* The data *
- - - -
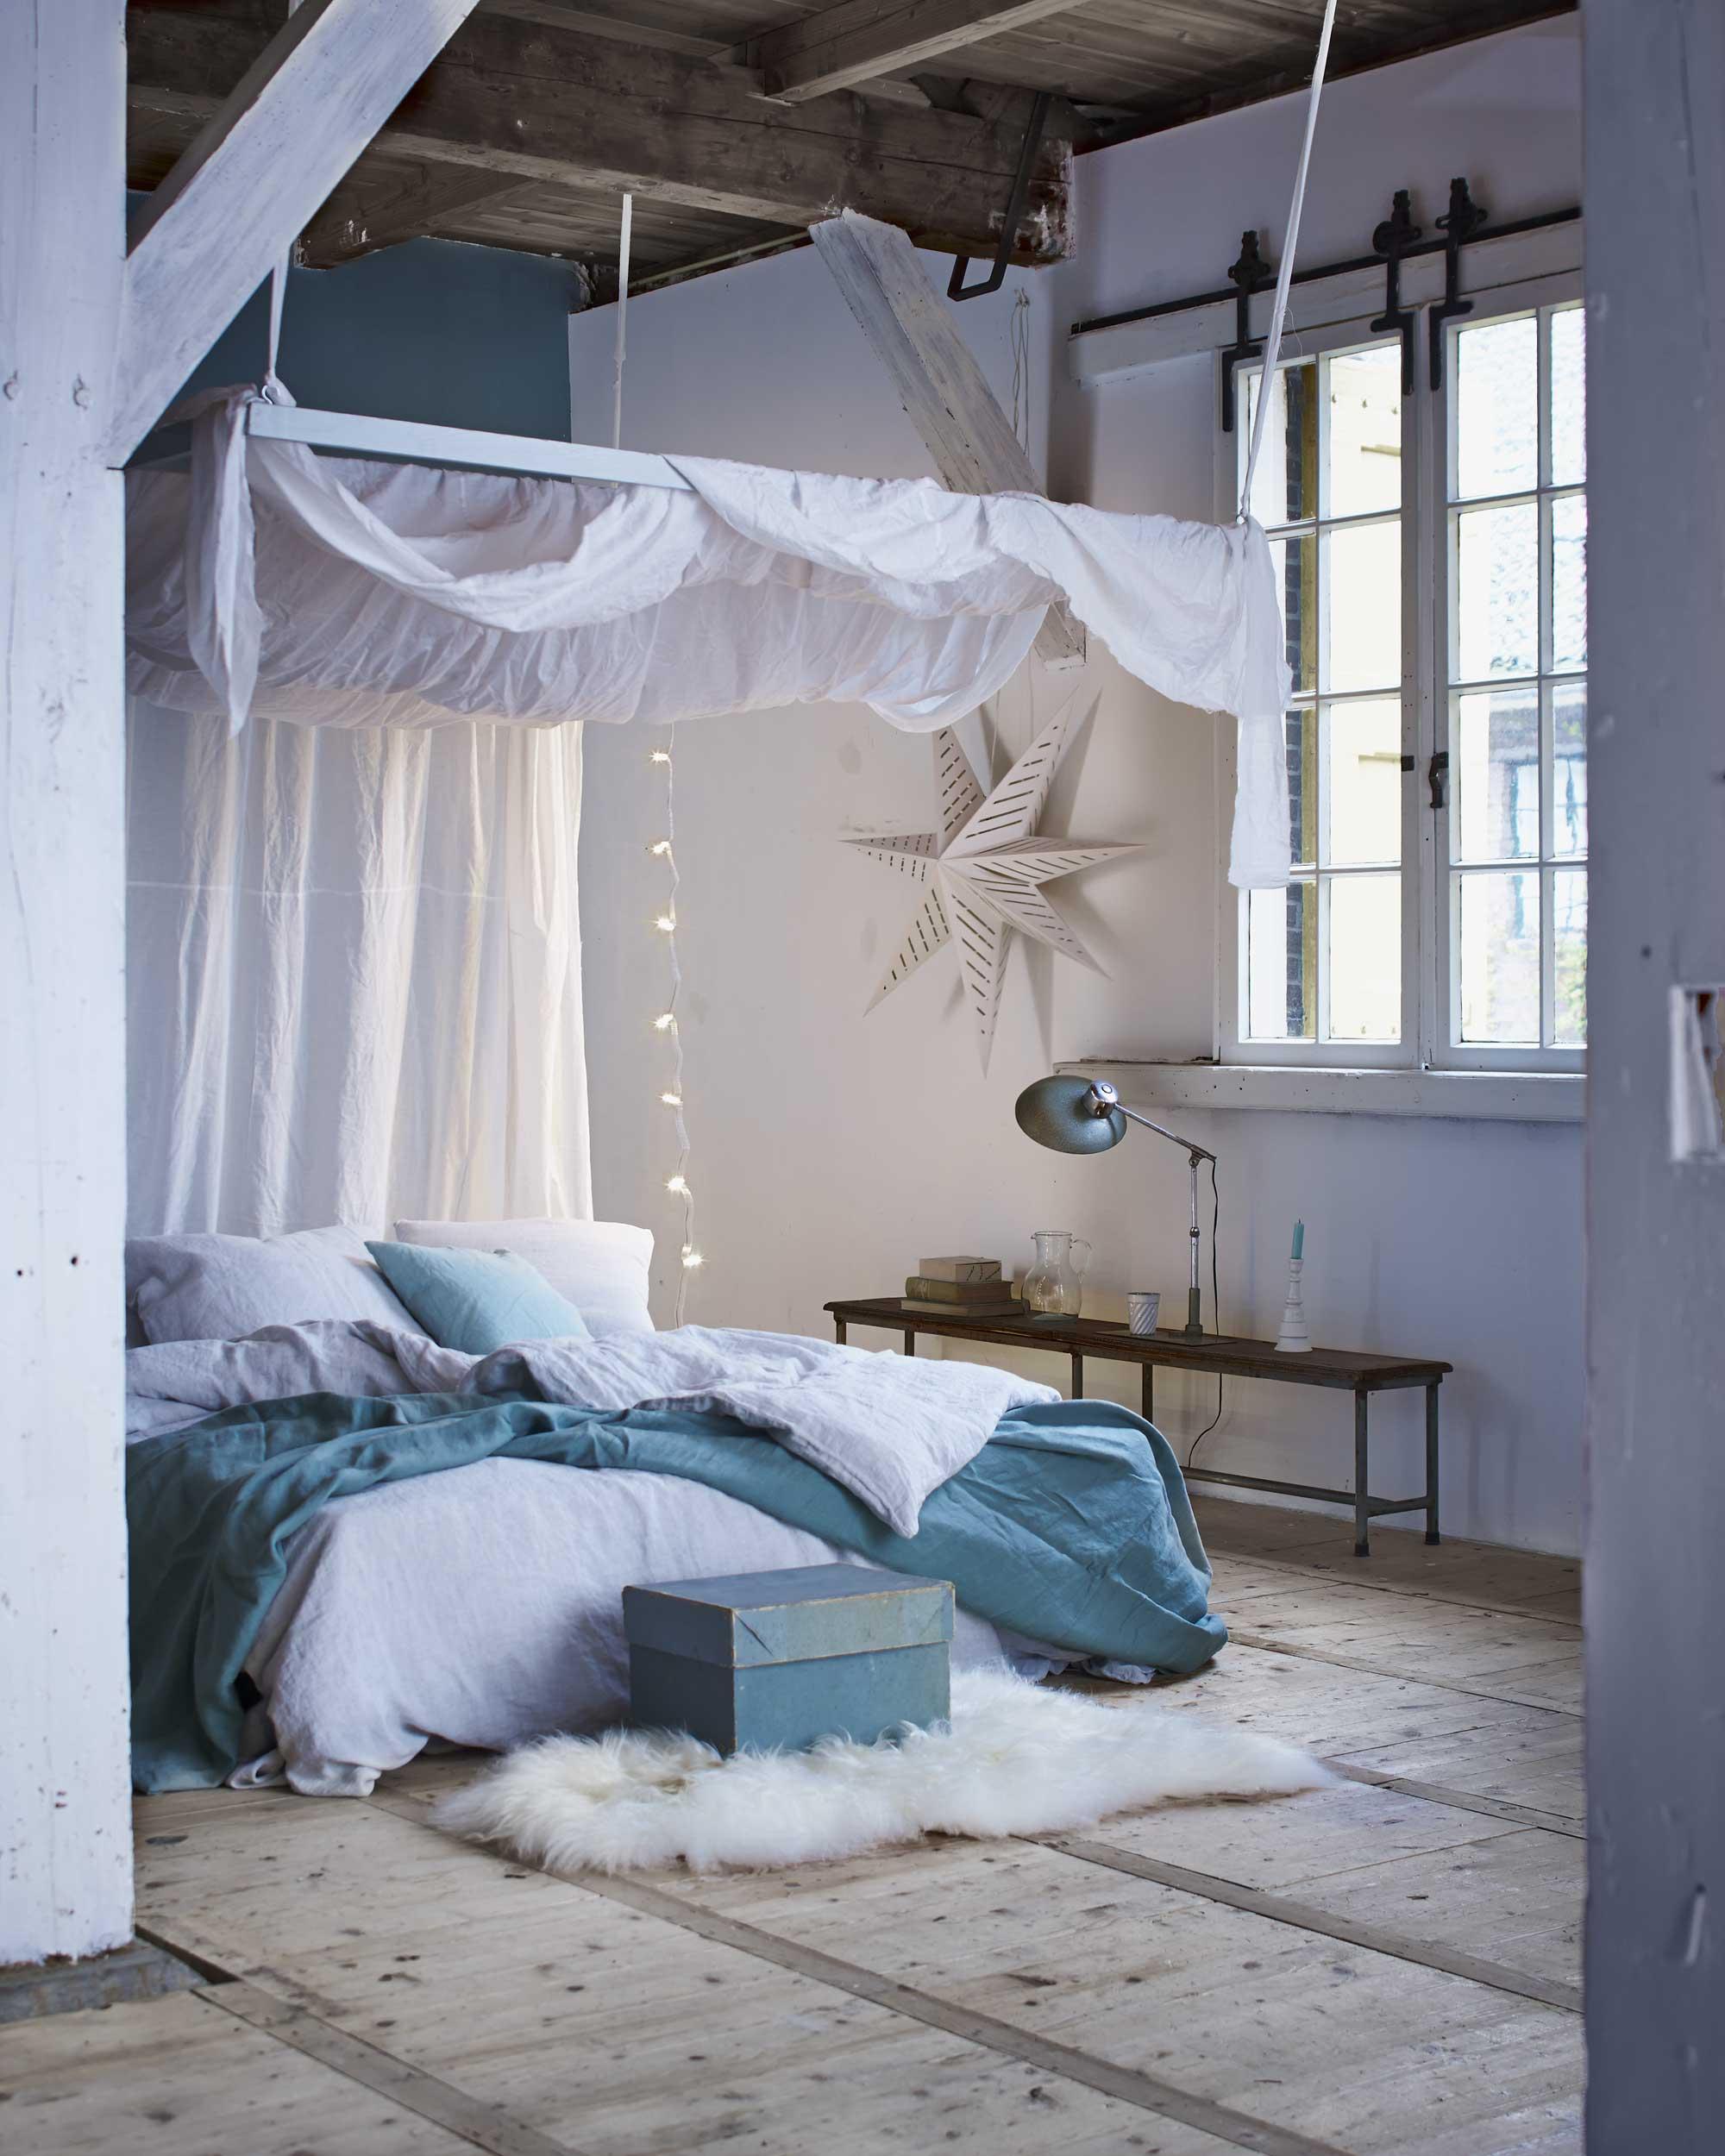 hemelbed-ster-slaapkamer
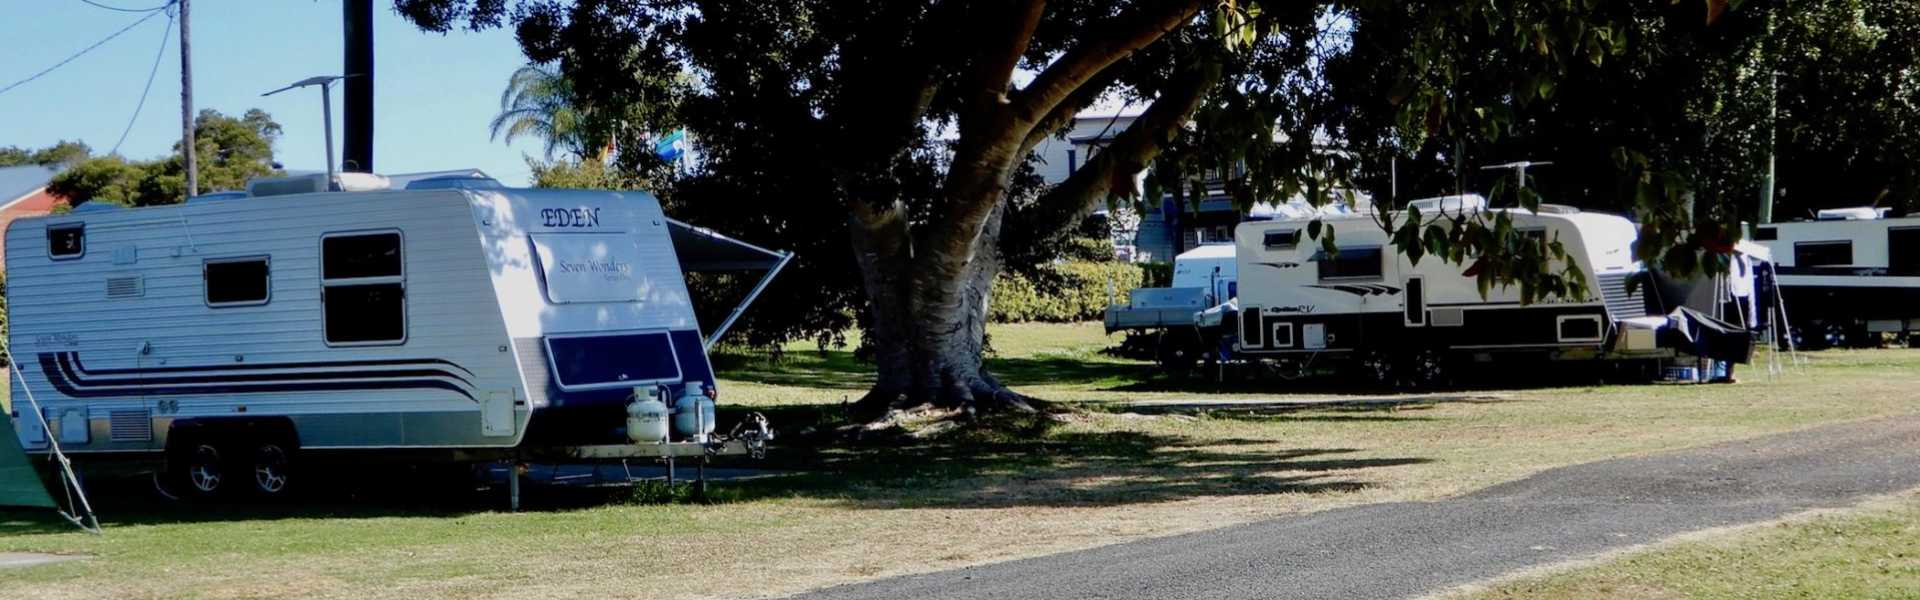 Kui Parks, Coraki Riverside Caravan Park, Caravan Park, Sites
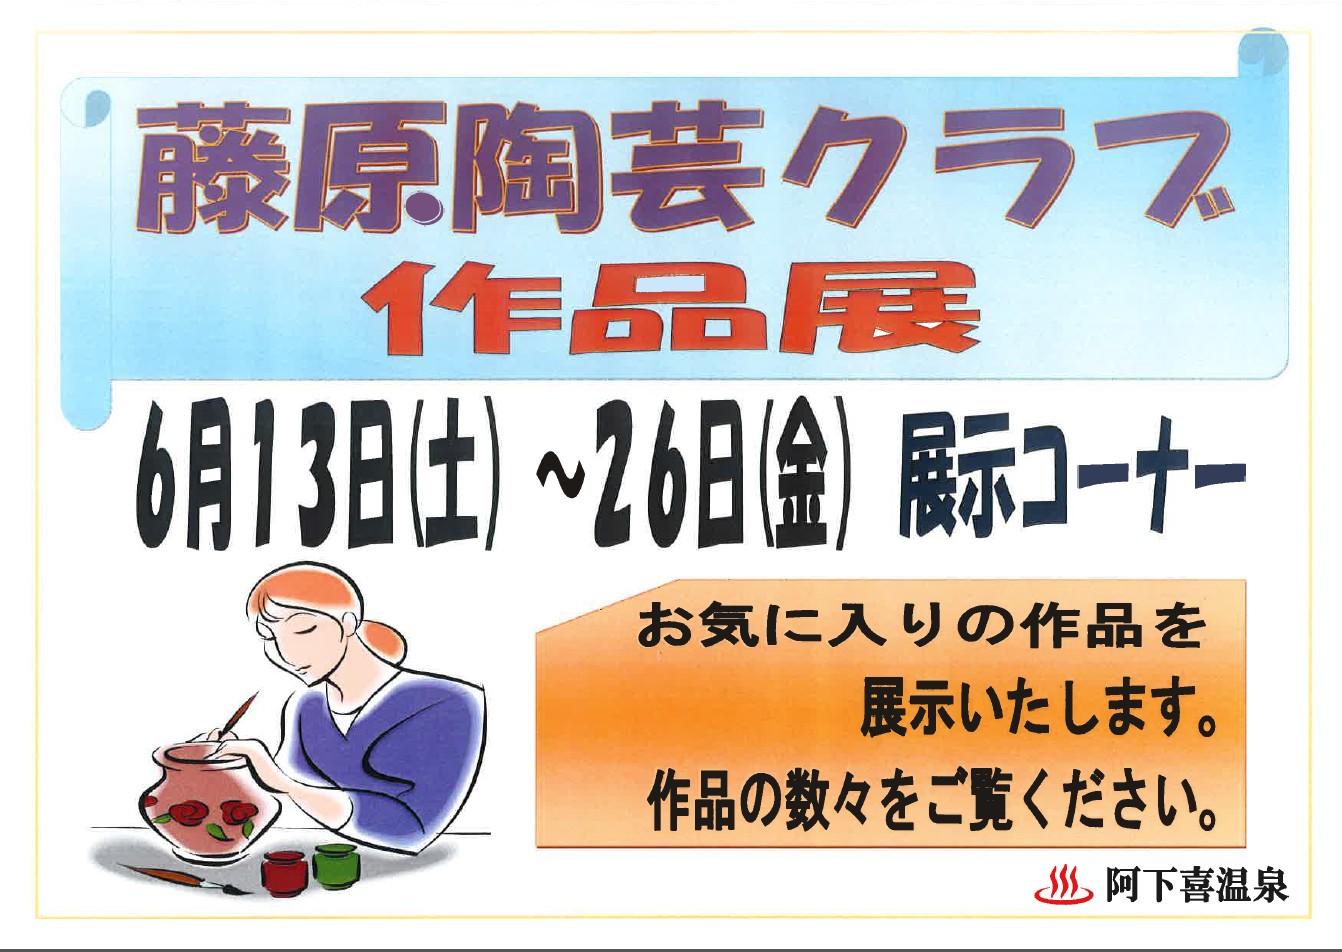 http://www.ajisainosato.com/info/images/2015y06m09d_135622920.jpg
- - - -
* Exercise description *
Skip the images and write out the rest of the listing exactly.

* Result *
 hemelbed-ster-slaapkamer
 Kui Parks, Coraki Riverside Caravan Park, Caravan Park, Sites
 http://www.ajisainosato.com/info/images/2015y06m09d_135622920.jpg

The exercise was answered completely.